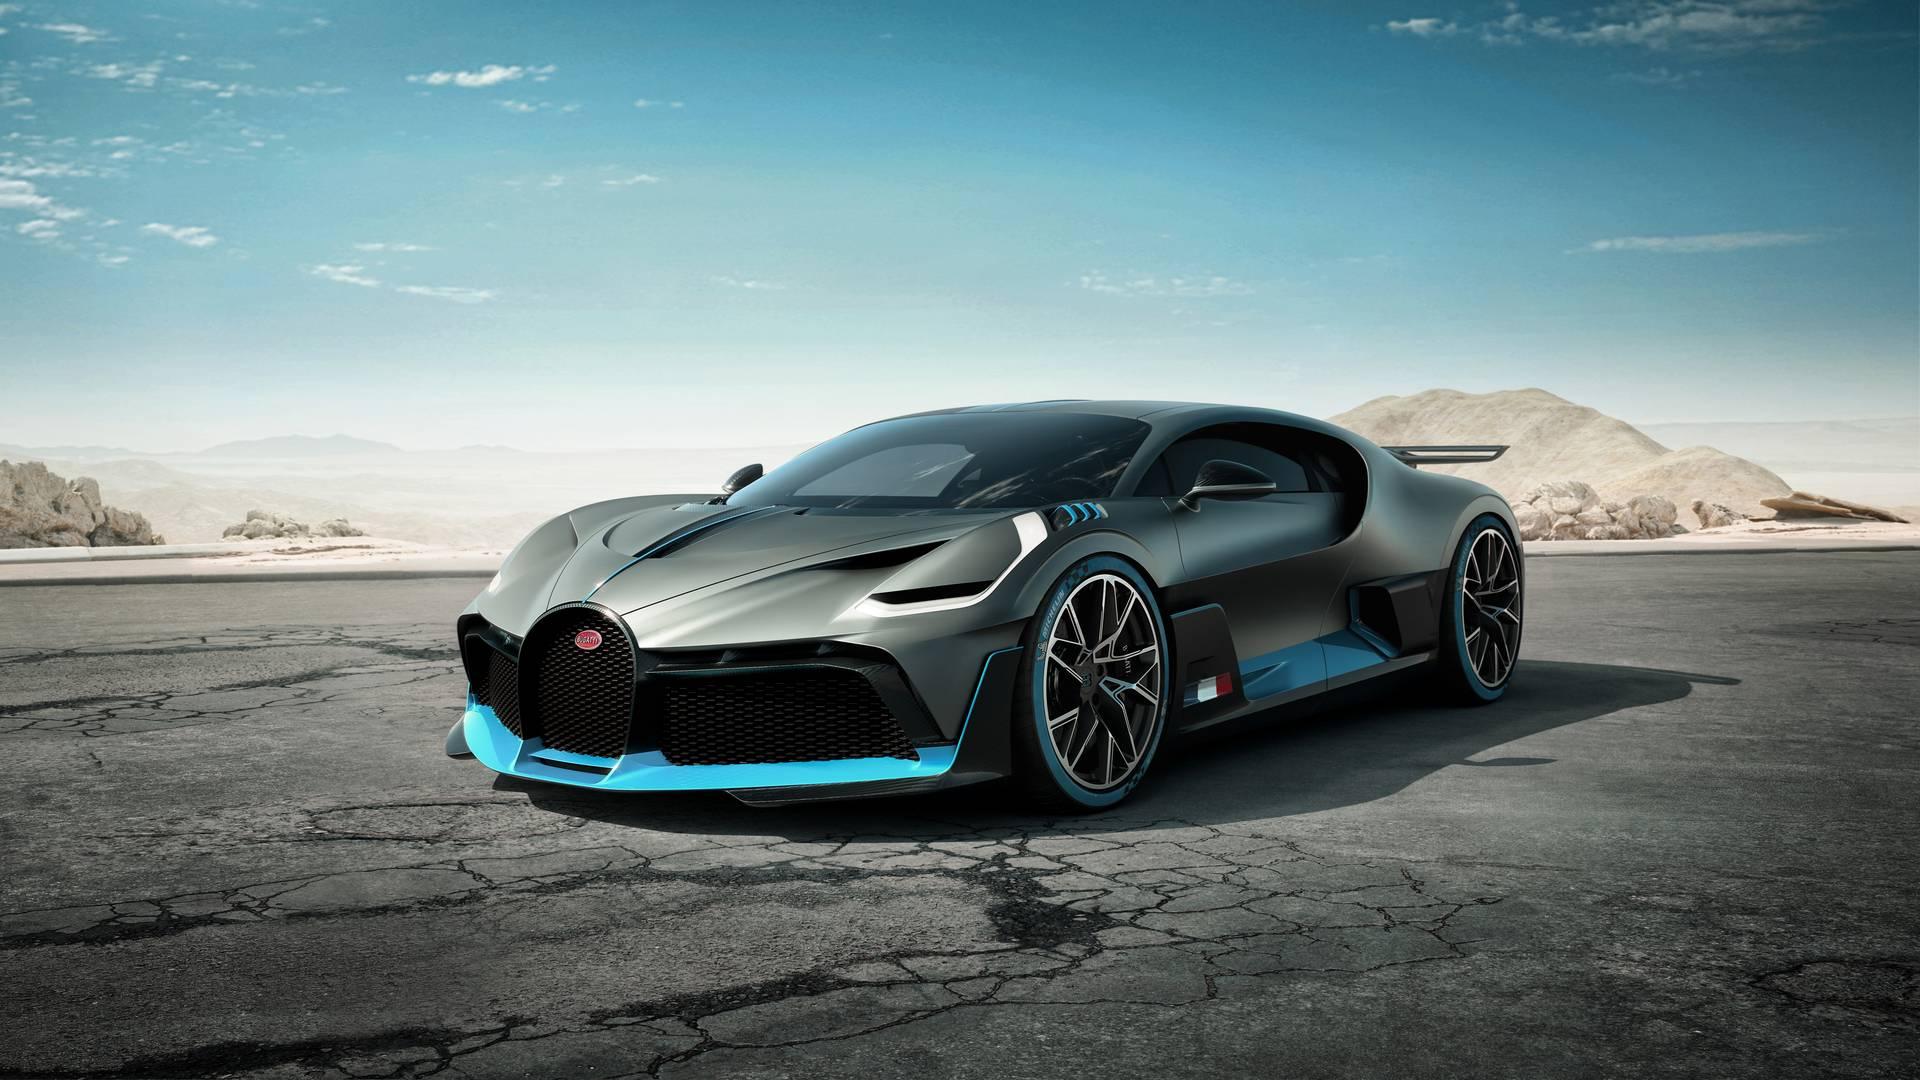 Bugatti Divo Revealed: $6 Million Hypercar Built for Corners
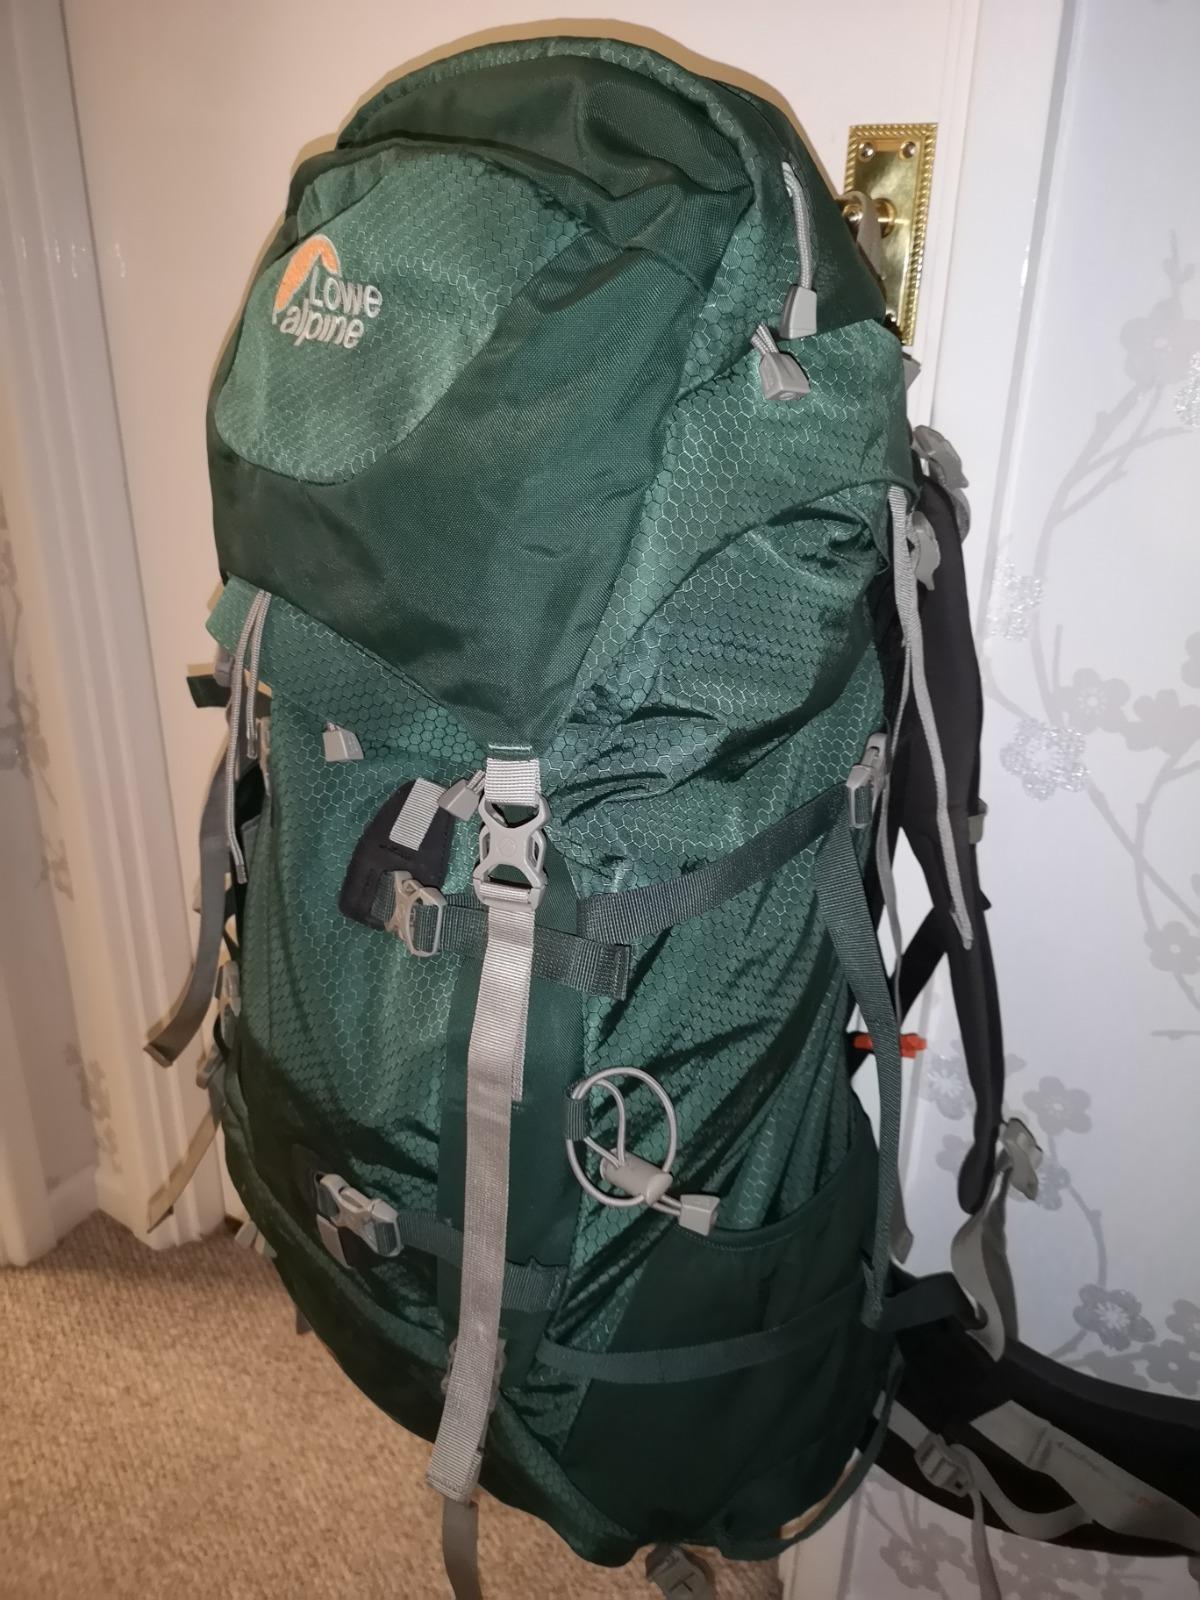 Lowe Alpine Cerro Torre 65:85L Hiking Backpack
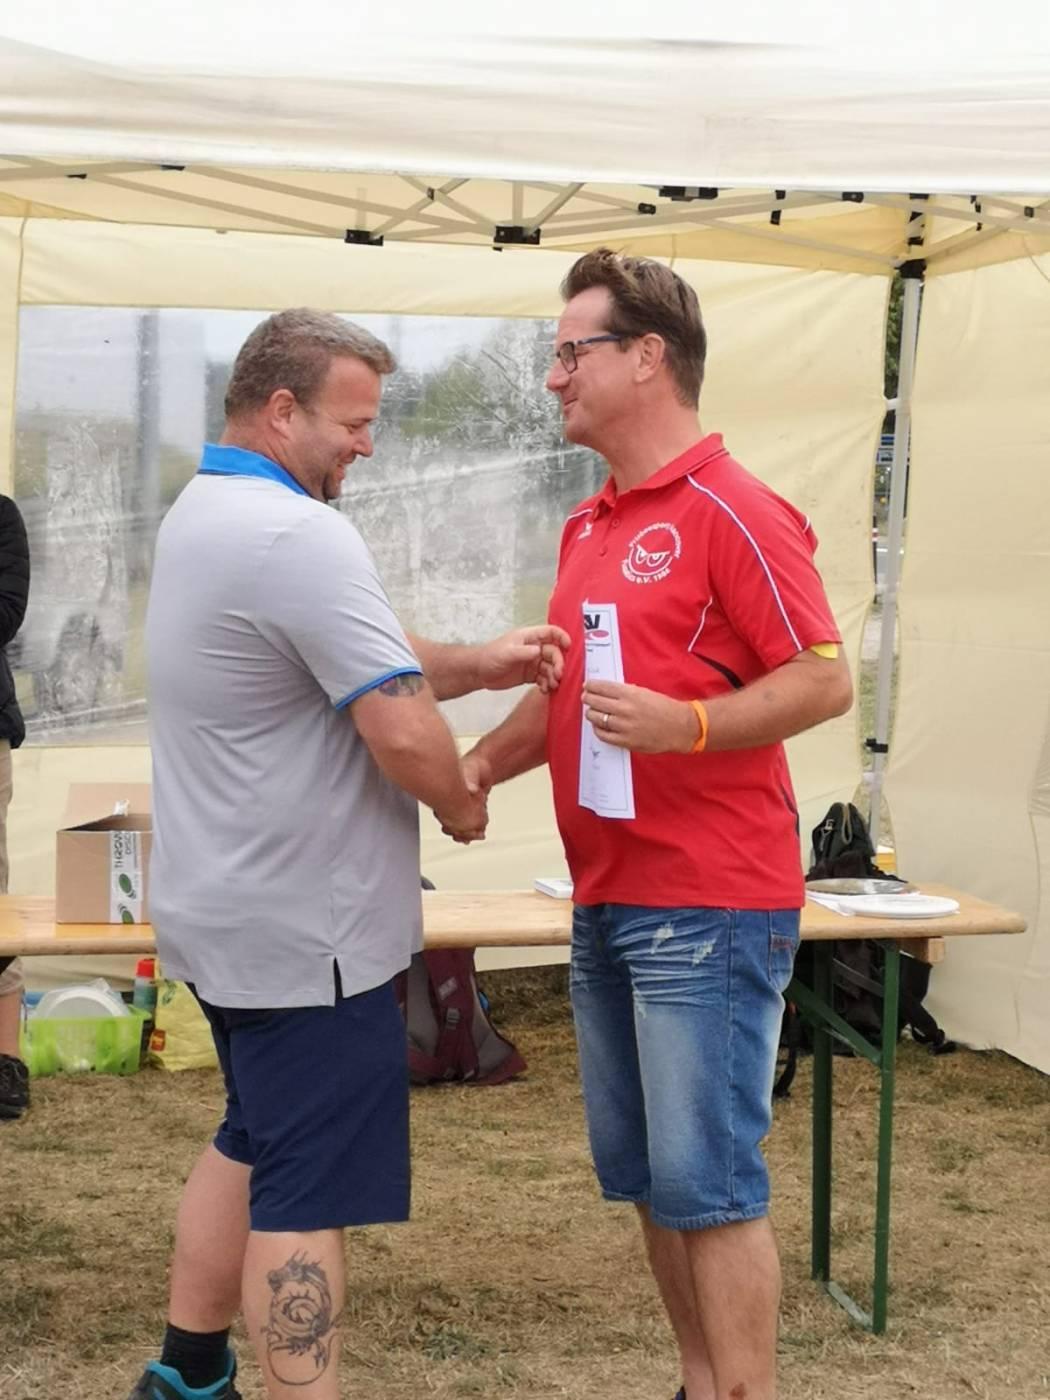 2018-09-02_NDS Landesmeisterschaft Discgolf Hannover 2018_050

------------------------

- Exercise description
Give back the whole listing exactly as it stands. Drop every picture.

- Exercise output
 Bugatti Divo Revealed: $6 Million Hypercar Built for Corners
 Lowe Alpine Cerro Torre 65:85L Hiking Backpack
 2018-09-02_NDS Landesmeisterschaft Discgolf Hannover 2018_050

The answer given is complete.